3. Januar 2020
L’art. 337 du Code des obligations (CO) autorise aussi bien l’employeur que le travailleur à résilier immédiatement le contrat de travail en tout temps pour de justes motifs (al. 1). Constituent notamment de justes motifs toutes les circonstances qui, selon les règles de la bonne foi, ne permettent pas d’exiger de celui qui a donné le congé la continuation des rapports de travail (al. 2). Le juge apprécie librement s’il existe de justes motifs (al. 3).
Un manquement grave
Selon la jurisprudence du Tribunal fédéral (TF), la résiliation immédiate pour de justes motifs est une mesure exceptionnelle qui doit être admise de manière restrictive. Ainsi, seul un manquement particulièrement grave peut justifier une telle mesure.
Par manquement, il faut entendre généralement la violation d’une obligation découlant du contrat de travail, mais, d’après le TF, d’autres incidents peuvent aussi justifier une telle mesure. En outre, ce manquement doit être objectivement propre à détruire le rapport de confiance essentiel au contrat de travail, ou du moins propre à l’ébranler si profondément que la continuation des rapports de travail ne peut raisonnablement pas être exigée. Le manquement incriminé doit de surcroît avoir effectivement abouti à un tel résultat. Lorsque le manquement est moins grave, il ne peut entraîner une résiliation immédiate que s’il a été répété malgré un avertissement.
Savoir si le comportement incriminé atteint la gravité nécessaire dépend des circonstances du cas concret. Il est donc difficile d’établir un catalogue de comportements susceptibles de justifier un congé immédiat.

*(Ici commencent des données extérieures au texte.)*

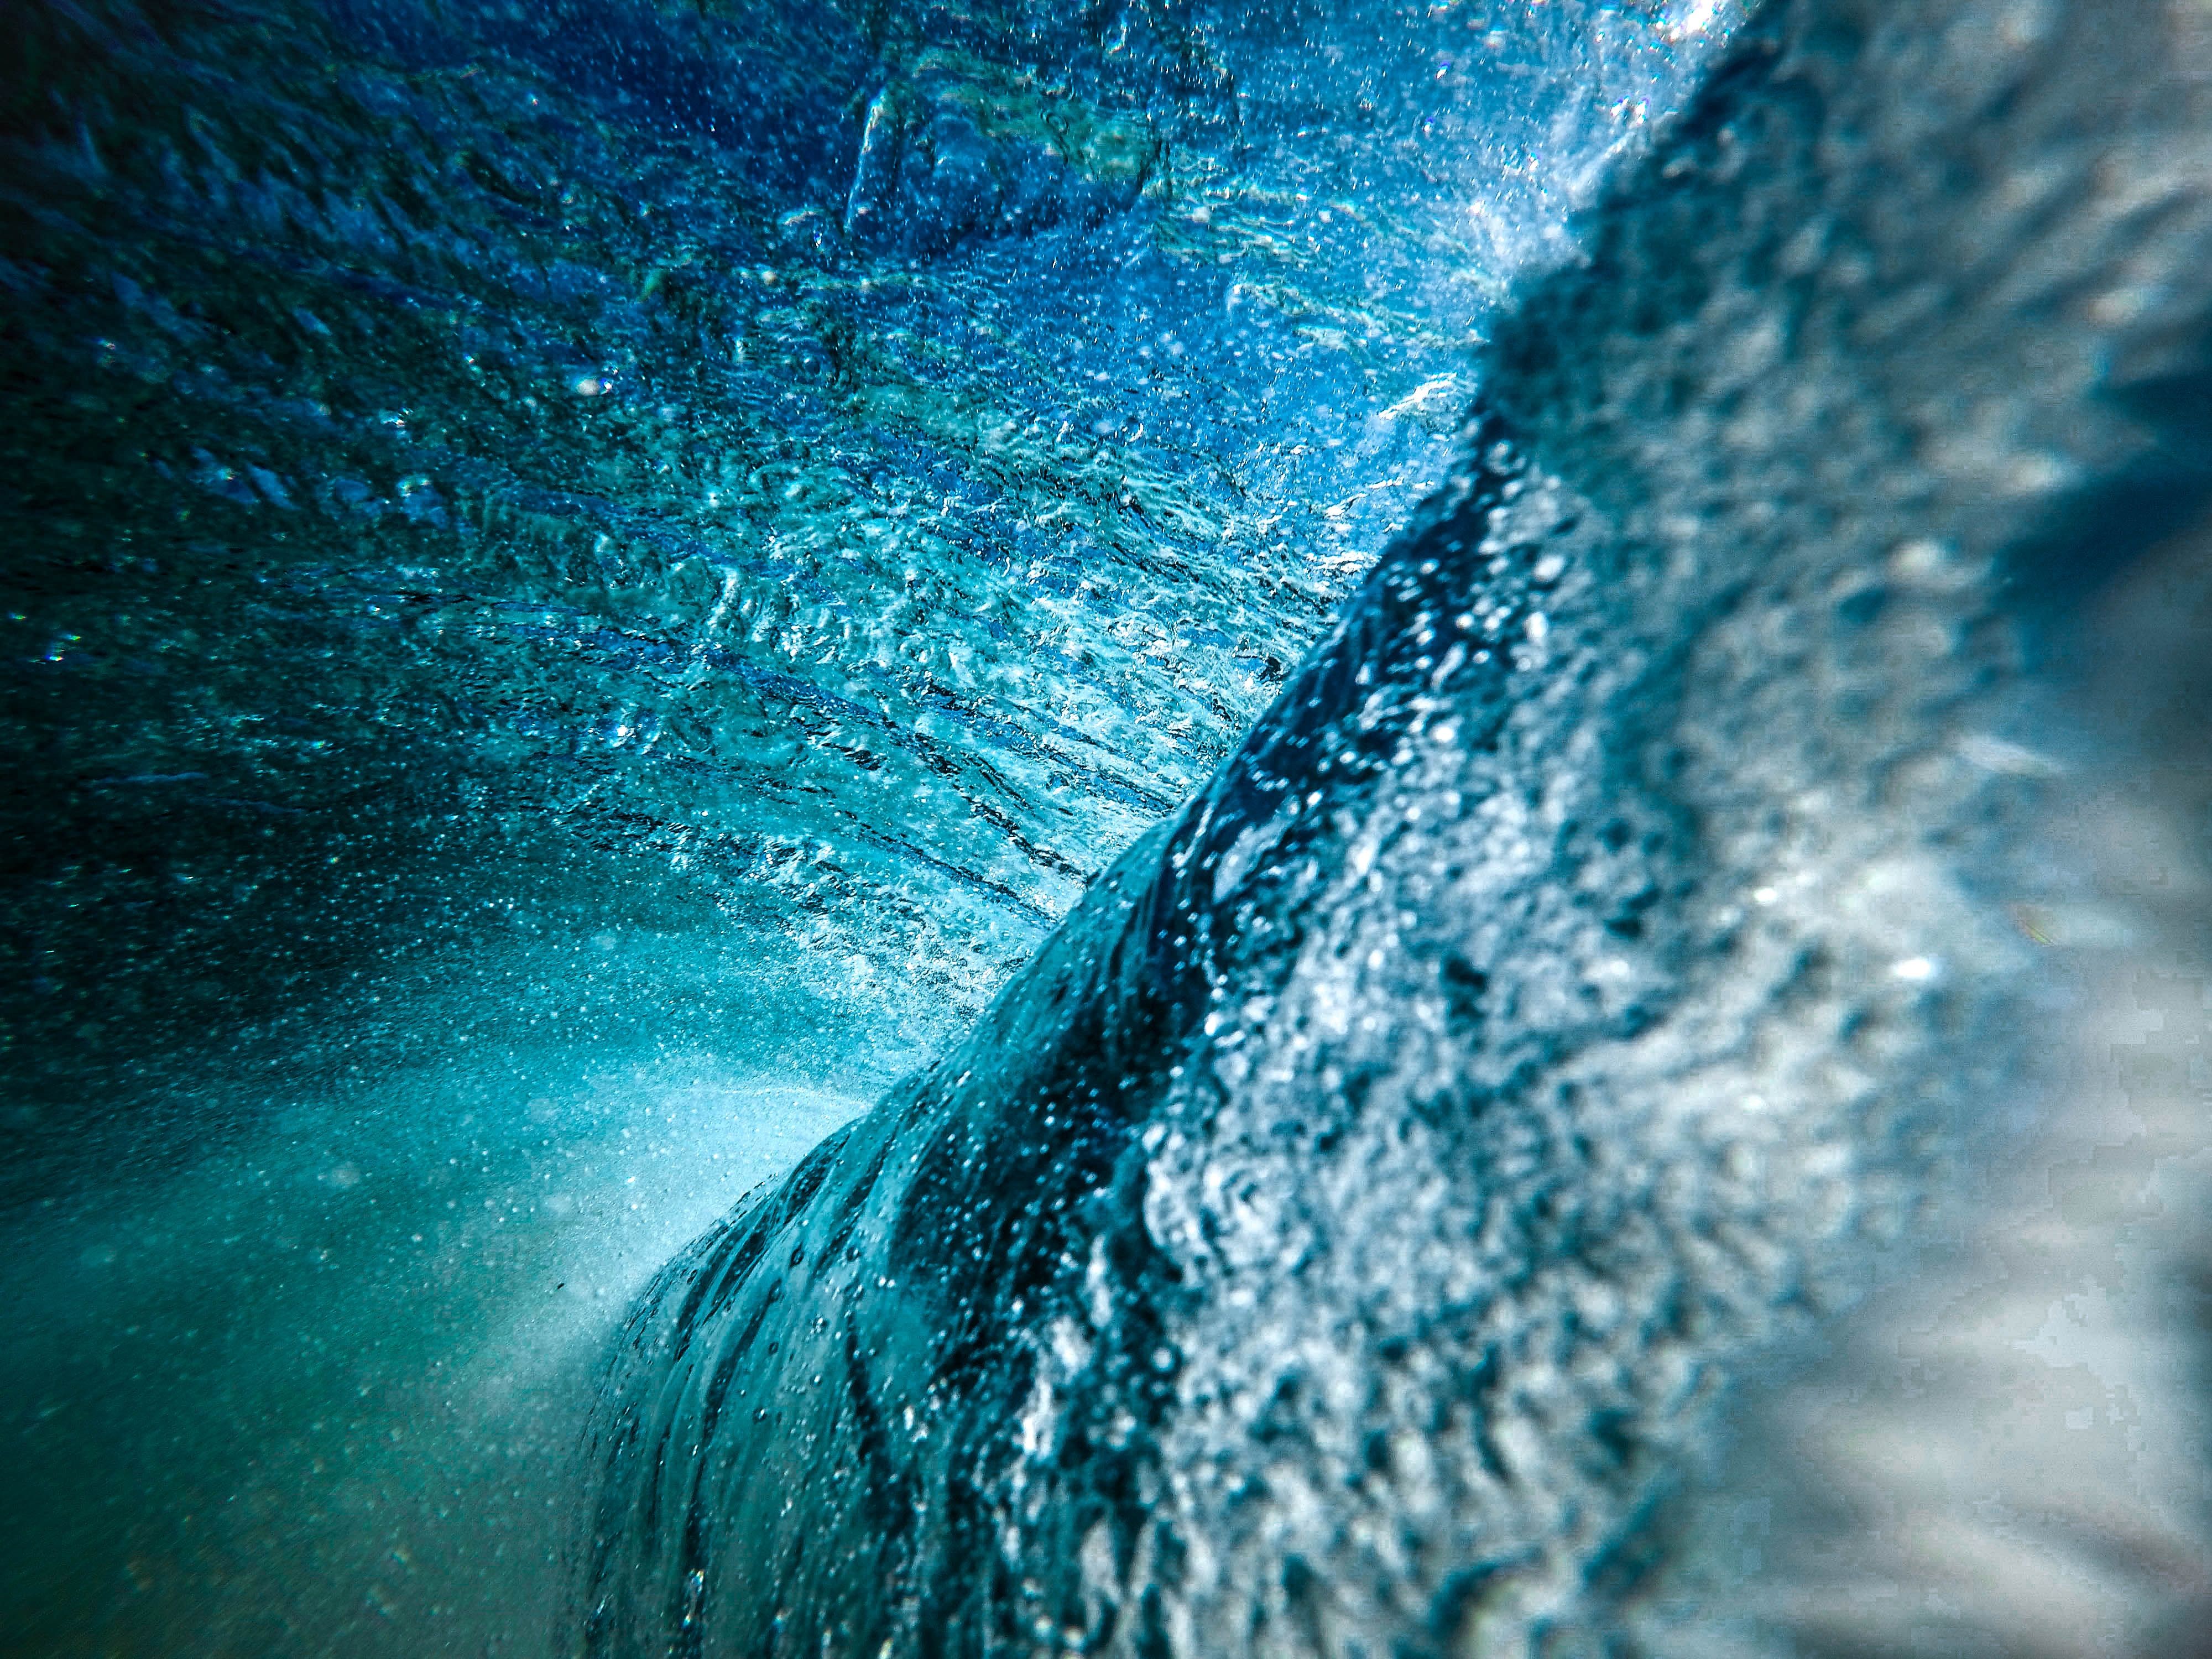 4000x3000 #wave, #hd background, #Free , #wallpaper, # wallpaper, #sea, #splash, #pretty background, #abstract, #hd wallpaper, #ripple, #water, #ocean, #amazing wallpaper, #wallpaper hd, #underwater, #blue, #bubble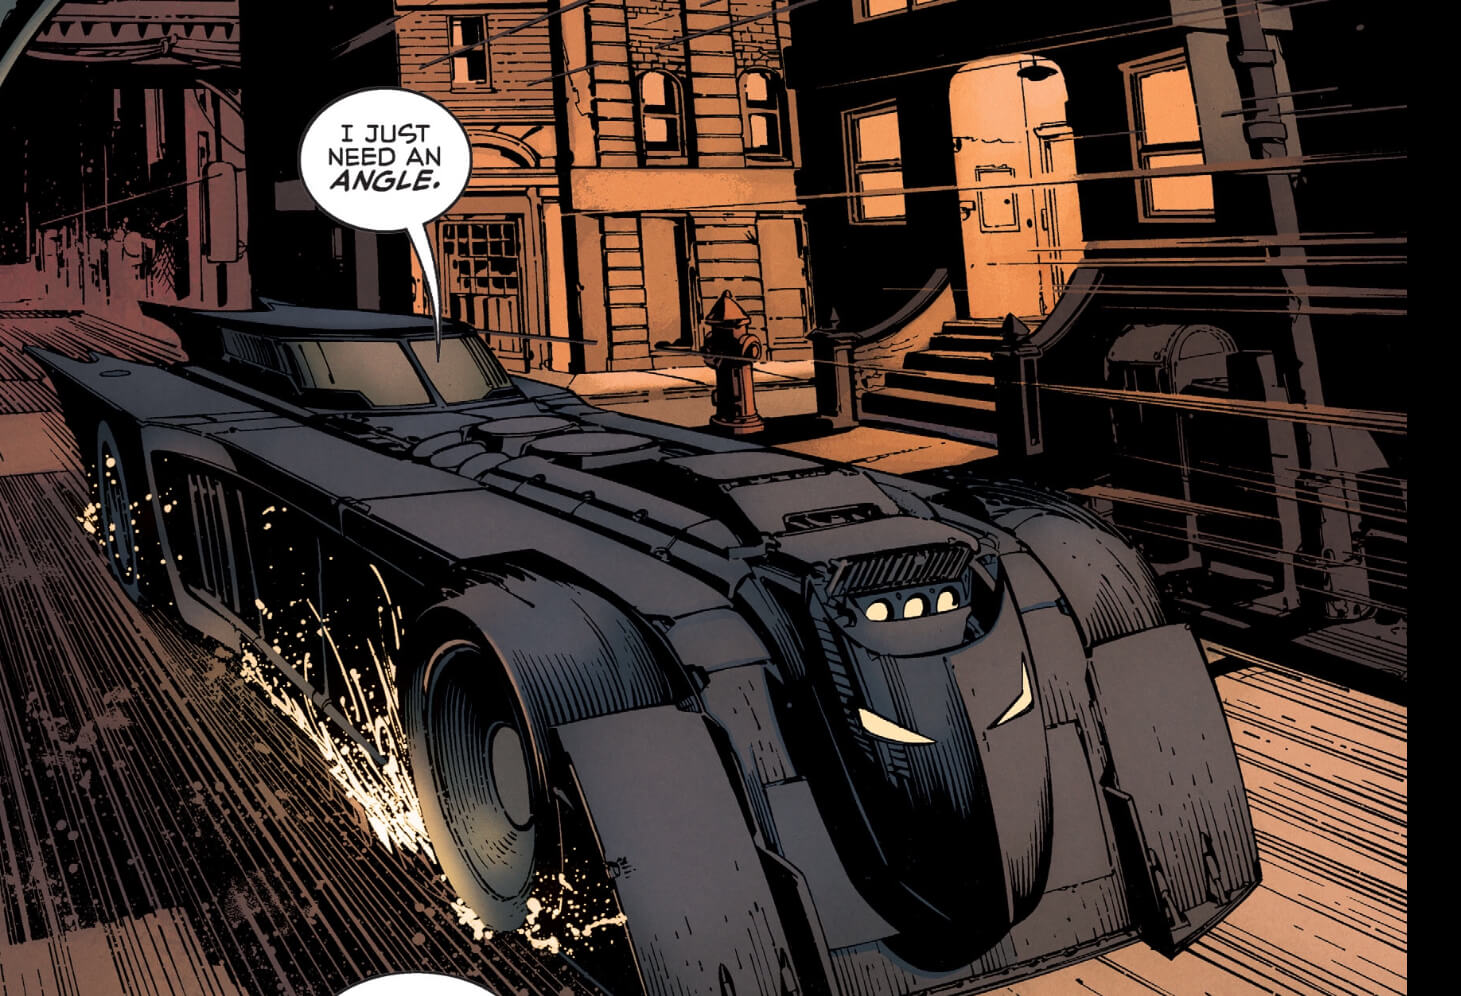 batmobile comics - I Just Need An Angle

Les critères d’appréciation
Dans son appréciation, le juge doit notamment prendre en compte la position et la responsabilité du travailleur, le type et la durée des rapports contractuels, la nature et l’importance des manquements. Il doit aussi considérer le temps restant jusqu’à l’échéance ordinaire du contrat.
A cet égard, l’importance du manquement doit être d’autant plus grande que ce laps de temps est court. Il s’ensuit que la réserve est particulièrement de mise lorsque le congé immédiat est donné durant le temps d’essai – qui se caractérise par la brièveté du délai de congé –, ou dans l’intervalle compris entre un congé ordinaire et l’échéance du contrat. Quant à la position du travailleur, sa fonction et les responsabilités qui lui sont confiées, elles peuvent toutes entraîner un accroissement des exigences quant à sa rigueur et à sa loyauté. Ainsi que le TF le souligne, «cela peut valoir pour un cadre comme pour une caissière de supermarché».
Dans une affaire, le TF a dû se pencher sur le cas d’une infirmière responsable de la garde de nuit d’un secteur d’une clinique psychiatrique, dont les patients étaient atteints de pathologies sujettes à un état suicidaire. Cette infirmière s’était, sans se faire remplacer, enfermée à clé dans une salle de repos, de telle sorte qu’elle ne pouvait entendre ni le téléphone ni la sonnette d’alarme, pas plus qu’elle ne pouvait contrôler la salle de soins pourtant vitrée et le tableau lumineux. Elle avait donc enfreint des directives pourtant clairement mises en place par l’employeur, qui insistaient particulièrement sur l’importance qu’il accordait à la présence et à la visibilité de l’infirmière en vue d’assurer la sécurité et la santé des patients qui lui étaient confiés. De plus, l’infirmière, surprise par un contrôle inopiné de sa cheffe, avait tenté de dissimuler son manquement par un mensonge, avec la complicité d’une aide-soignante. Même si aucun patient n’avait subi d’inconvénient dû au manquement de l’infirmière cette nuit-là, le TF a jugé que ce dernier devait être considéré comme grave, vu la situation, et que, doublé d’un mensonge, il avait irrémédiablement entamé la confiance de l’employeur, au point qu’on ne pouvait plus raisonnablement exiger la poursuite des rapports de travail jusqu’à l’échéance ordinaire du contrat. Le congé immédiat était justifié.